> **Task statement**:
Your answer should hold the data exactly as given, minus any picture.

> **Recorded data**:

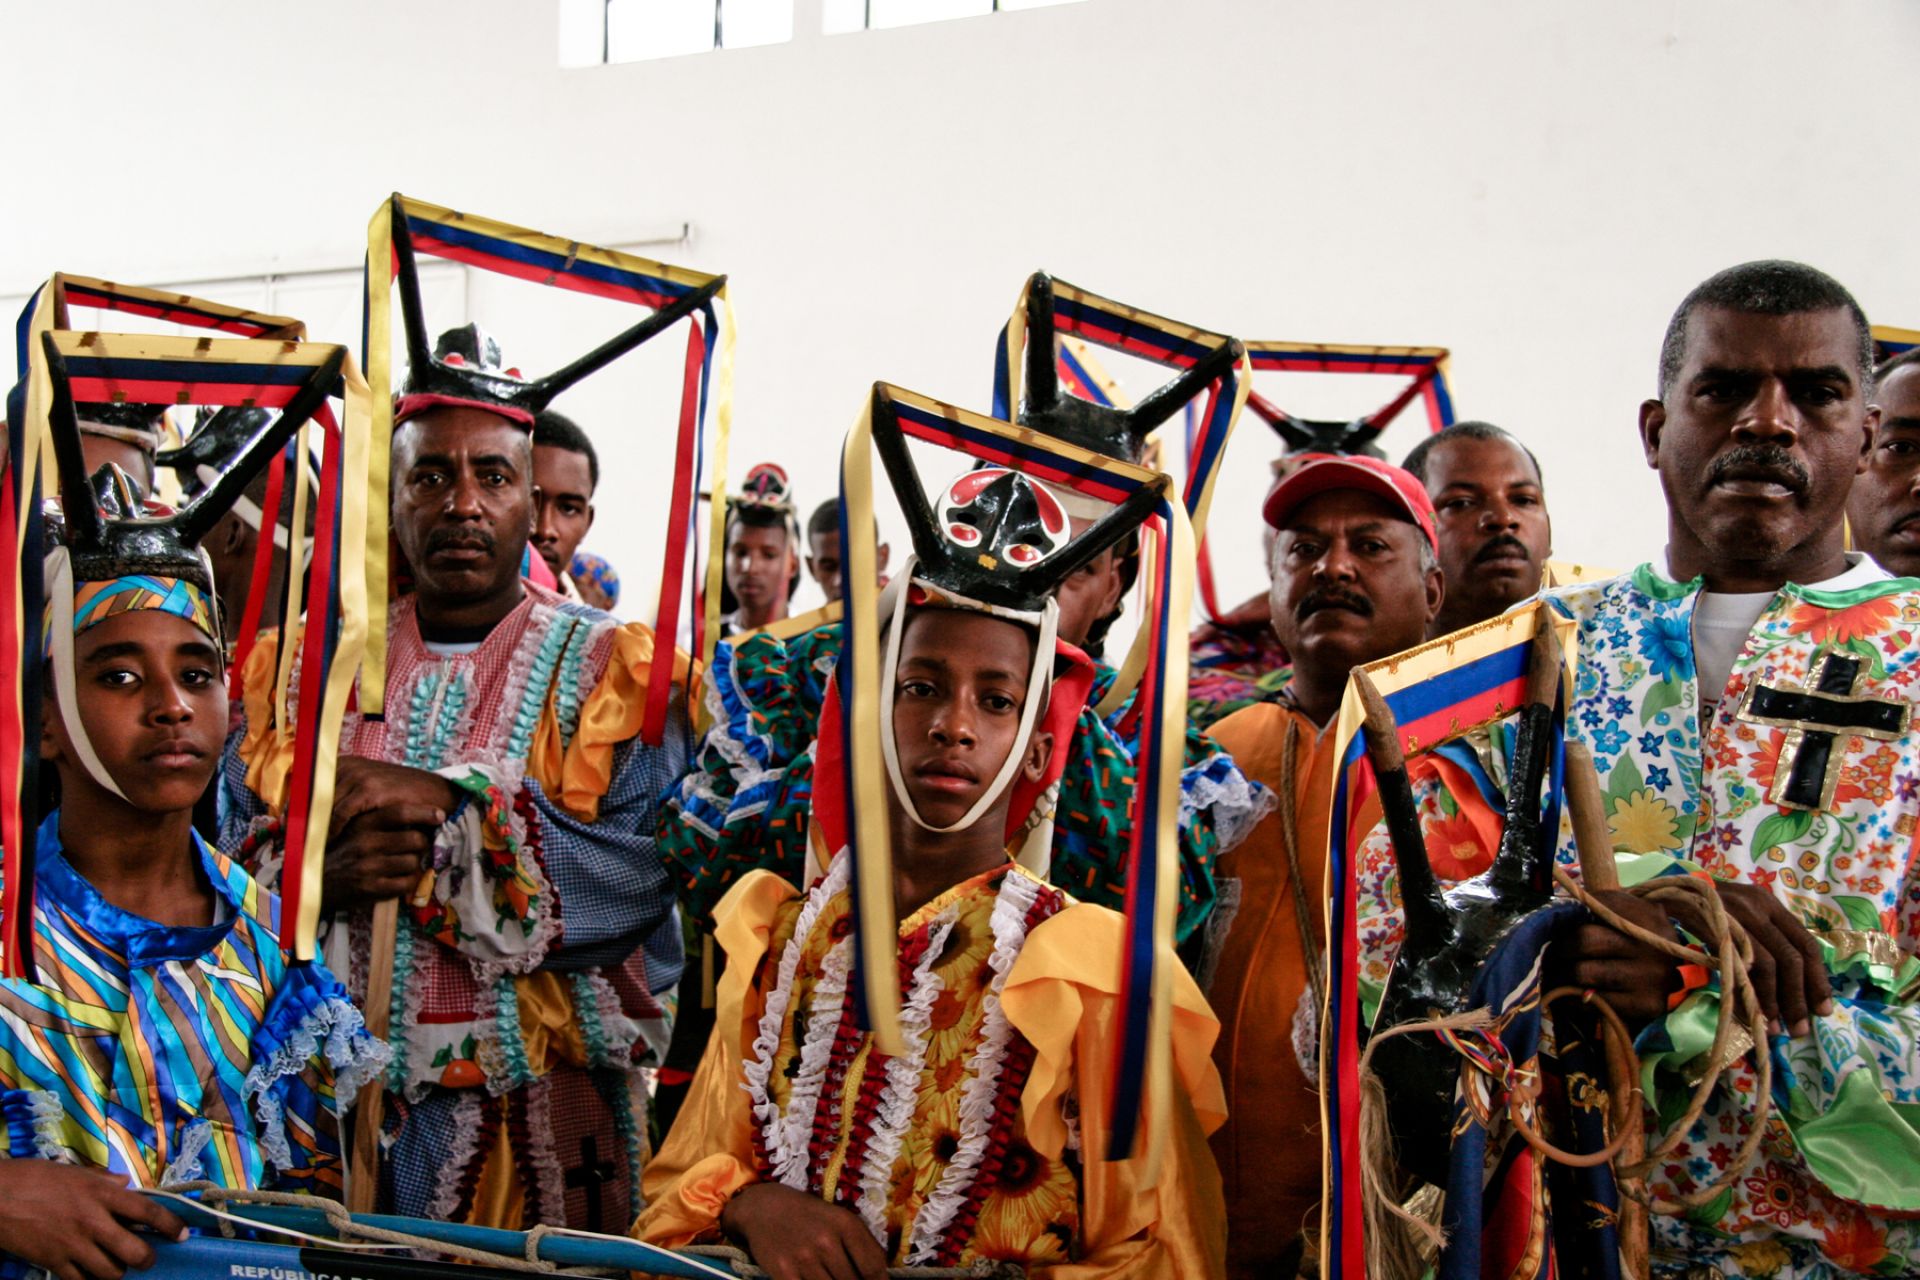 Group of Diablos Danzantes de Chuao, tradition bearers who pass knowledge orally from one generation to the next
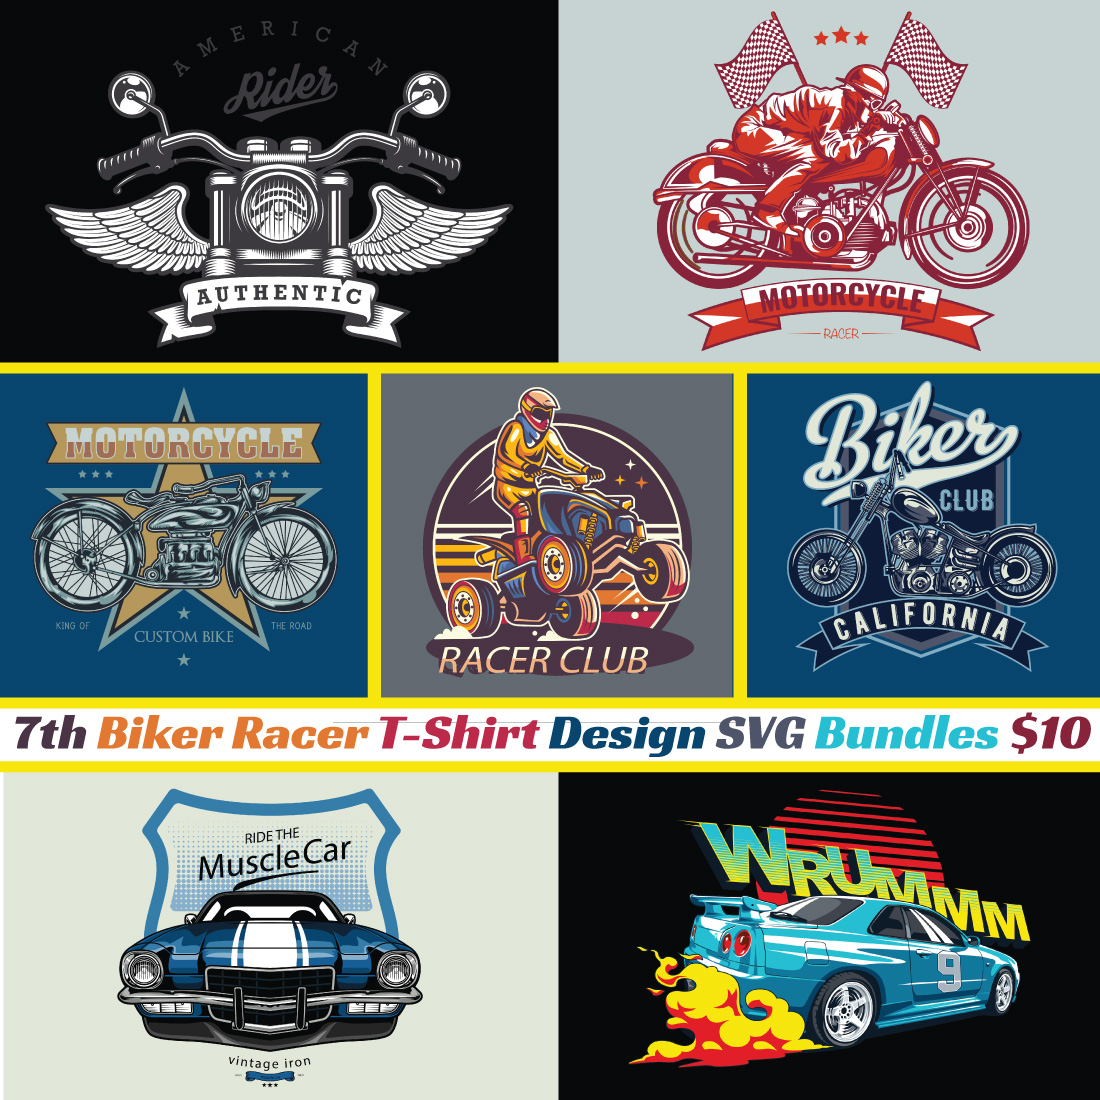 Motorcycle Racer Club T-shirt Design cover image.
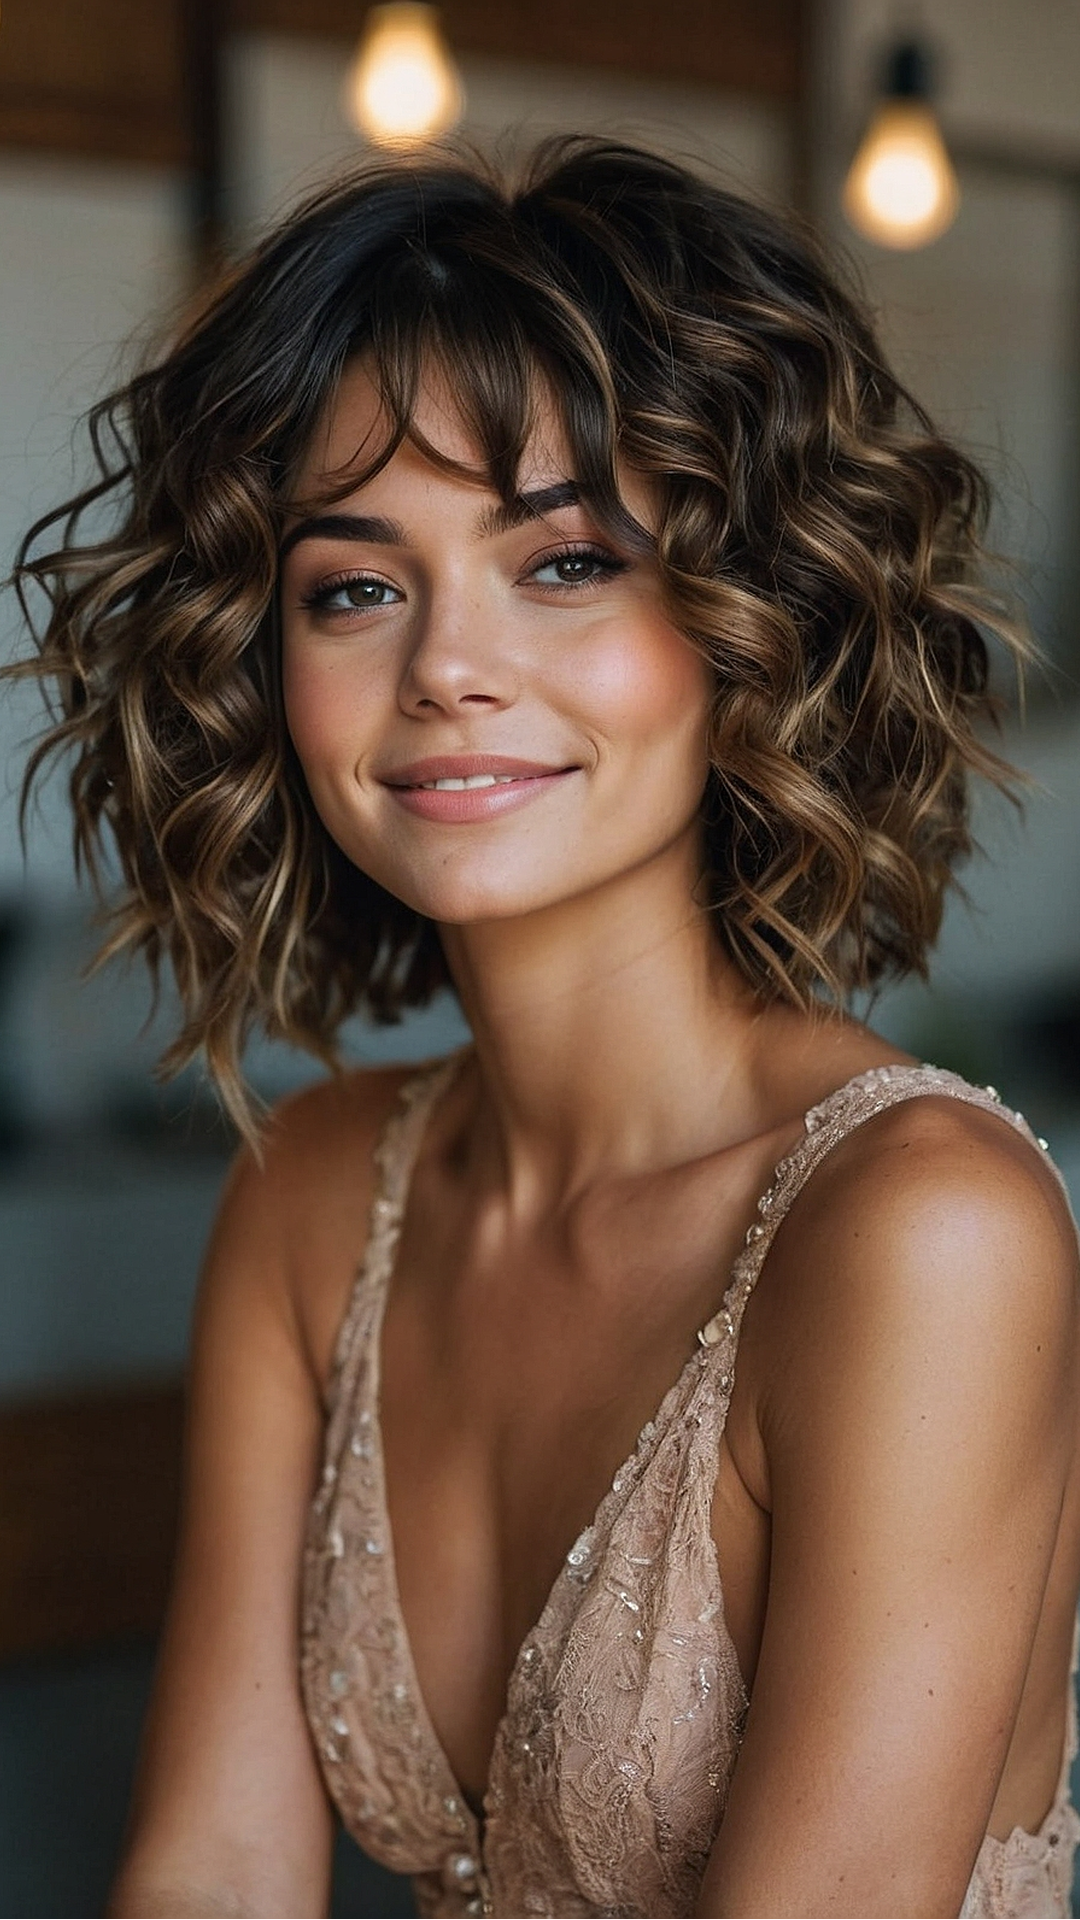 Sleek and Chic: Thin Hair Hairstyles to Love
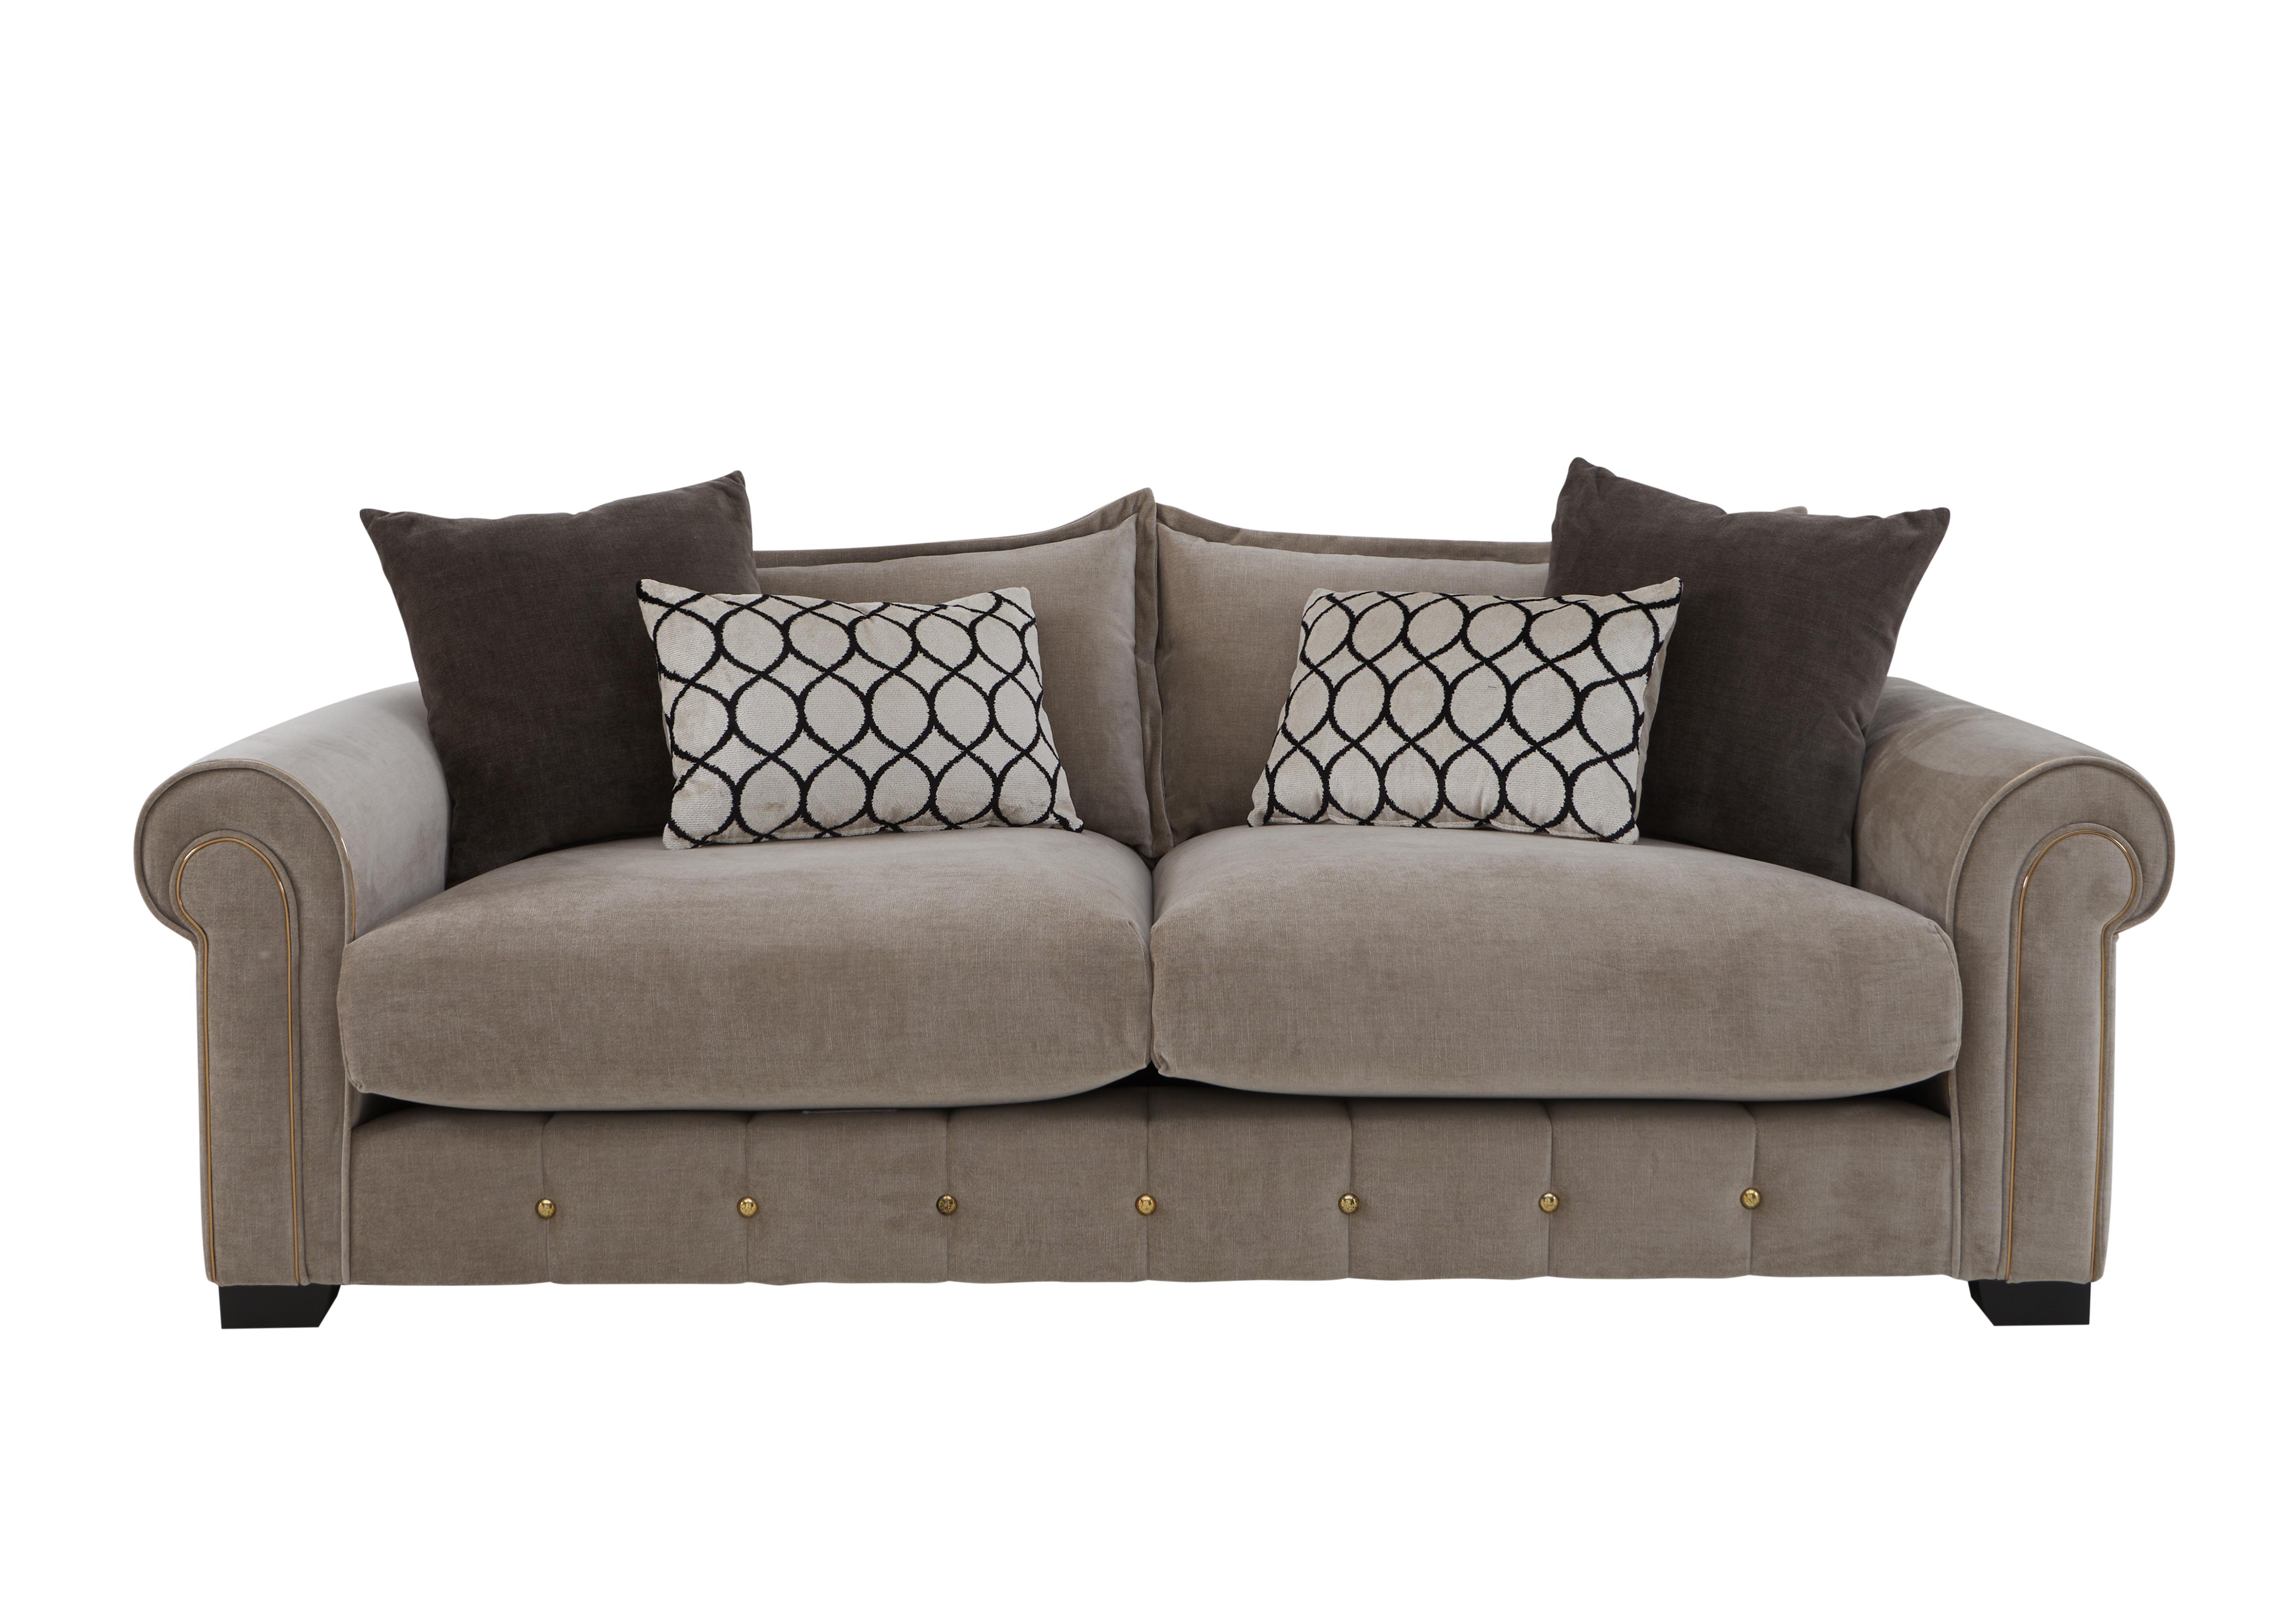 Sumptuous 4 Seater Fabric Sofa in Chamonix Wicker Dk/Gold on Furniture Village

> **Answer to this exercise**:
 Group of Diablos Danzantes de Chuao, tradition bearers who pass knowledge orally from one generation to the next
 Motorcycle Racer Club T-shirt Design cover image.
 Sleek and Chic: Thin Hair Hairstyles to Love
 Sumptuous 4 Seater Fabric Sofa in Chamonix Wicker Dk/Gold on Furniture Village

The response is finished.